2. En premier lieu, la décision attaquée vise les textes applicables et mentionne que Mme A B a accepté le 4 septembre 2023 les conditions matérielles d'accueil qui lui avaient été proposées. La décision précise en outre que l'évaluation de la situation personnelle et familiale de l'intéressée ne fait apparaître aucun facteur de vulnérabilité particulier. La décision, qui n'a pas à faire référence de l'ensemble des éléments caractérisant la situation de Mme A B, comporte, ainsi, les considérations de droit et de fait qui en constituent le fondement et est, par suite, suffisamment motivée au sens des dispositions de l'article L. 211-5 du code des relations entre le public et l'administration.

3. En second lieu, aux termes de l'article L. 551-16 du code de l'entrée et du séjour des étrangers et du droit d'asile, dans sa version applicable au litige : " Il peut être mis fin, partiellement ou totalement, aux conditions matérielles d'accueil dont bénéficie le demandeur dans les cas suivants : / () 3° Il ne respecte pas les exigences des autorités chargées de l'asile, notamment en se rendant aux entretiens, en se présentant aux autorités et en fournissant les informations utiles afin de faciliter l'instruction des demandes () ".

4. Pour décider de mettre fin aux conditions matérielles d'accueil de Mme A B, l'OFII s'est fondé sur le motif qu'elle n'a pas respecté les exigences des autorités chargées de l'asile en ne fournissant pas les justificatifs relatifs à l'exemption d'une orientation en région. Il ressort des pièces du dossier que par une lettre du 4 septembre 2023, notifiée en main propre à la requérante le même jour, l'OFII a sollicité la communication d'une liste de documents, dans laquelle figurait la copie du titre de propriété ou du contrat de location de l'hébergeant ainsi que toute pièce justifiant leur lien de parenté. Il est constant que Mme A B n'a pas communiqué ces éléments. Dans ces conditions, quand bien même l'intéressée est en capacité de fournir ces documents, la requérante n'est pas fondée à soutenir qu'elle s'est conformée aux exigences des autorités chargées de l'asile. Par suite, en mettant fin aux conditions matérielles d'accueil de Mme A B, le directeur général de l'OFII n'a pas fait une inexacte application des dispositions citées au point 3.

5. Il résulte de l'ensemble de ce qui précède que la requête de Mme A B doit être rejetée, y compris les conclusions aux fins d'injonction et d'astreinte et celles qui tendent à l'application de l'article L. 761-1 du code de justice administrative et de l'article 37 de la loi du 10 juillet 1991.

D E C I D E :

Article 1er : La requête de Mme A B est rejetée.

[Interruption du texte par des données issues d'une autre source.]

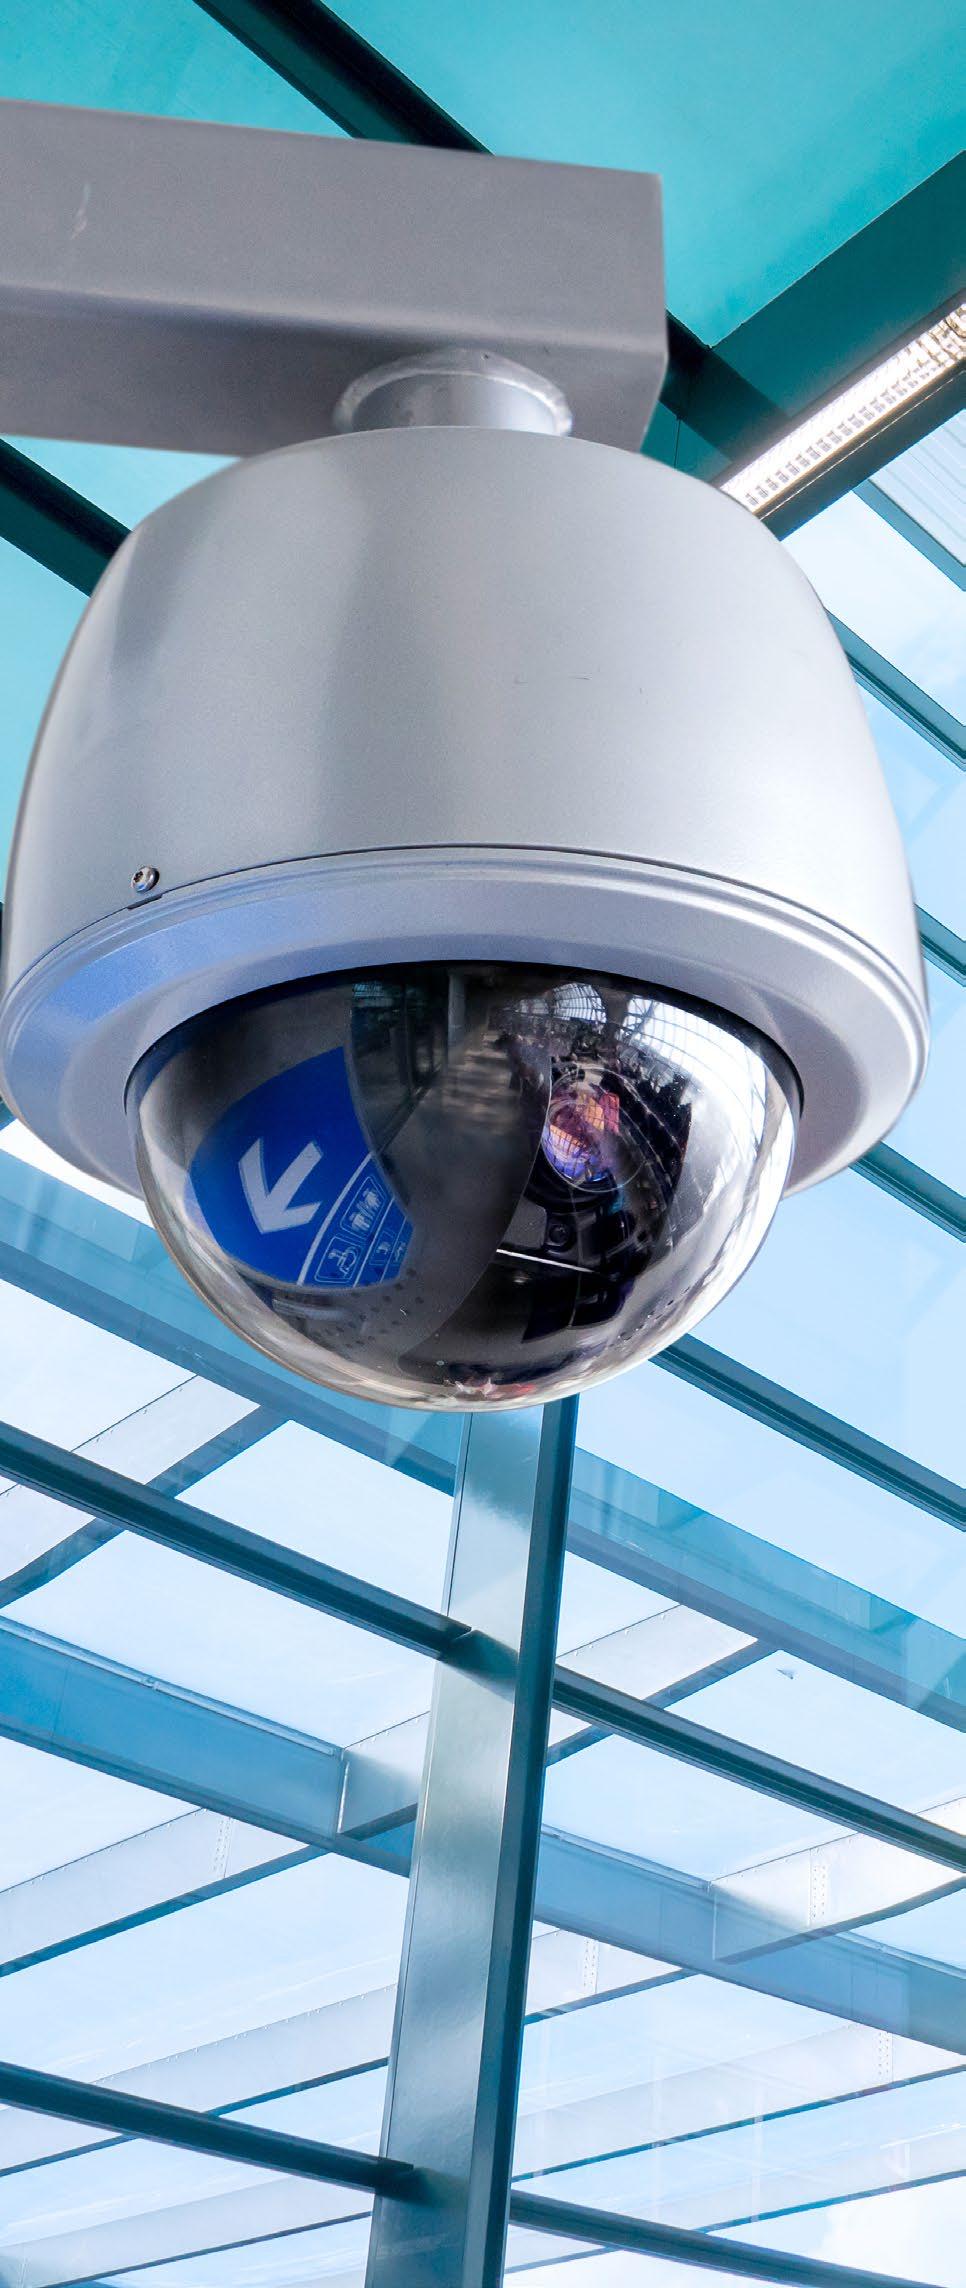 What are the advantages of a CCTV system?

Article 2 : Le présent jugement sera notifié à Mme C B et à l'Office français de l'immigration et de l'intégration.

Délibéré après l'audience du 18 octobre 2024, à laquelle siégeaient :

M. Timothée Gallaud, président,

Mme Marine Robin, conseillère,

Mme Héloïse Mathon, conseillère,

Rendu public par mise à disposition au greffe le 8 novembre 2024.

La rapporteure,

M. Robin

Le président,

T. GallaudLa greffière,

L. Sobangue

La République mande et ordonne au ministre de l'intérieur en ce qui le concerne ou à tous commissaires de justice à ce requis en ce qui concerne les voies de droit commun, contre les parties privées, de pourvoir à l'exécution de la présente décision.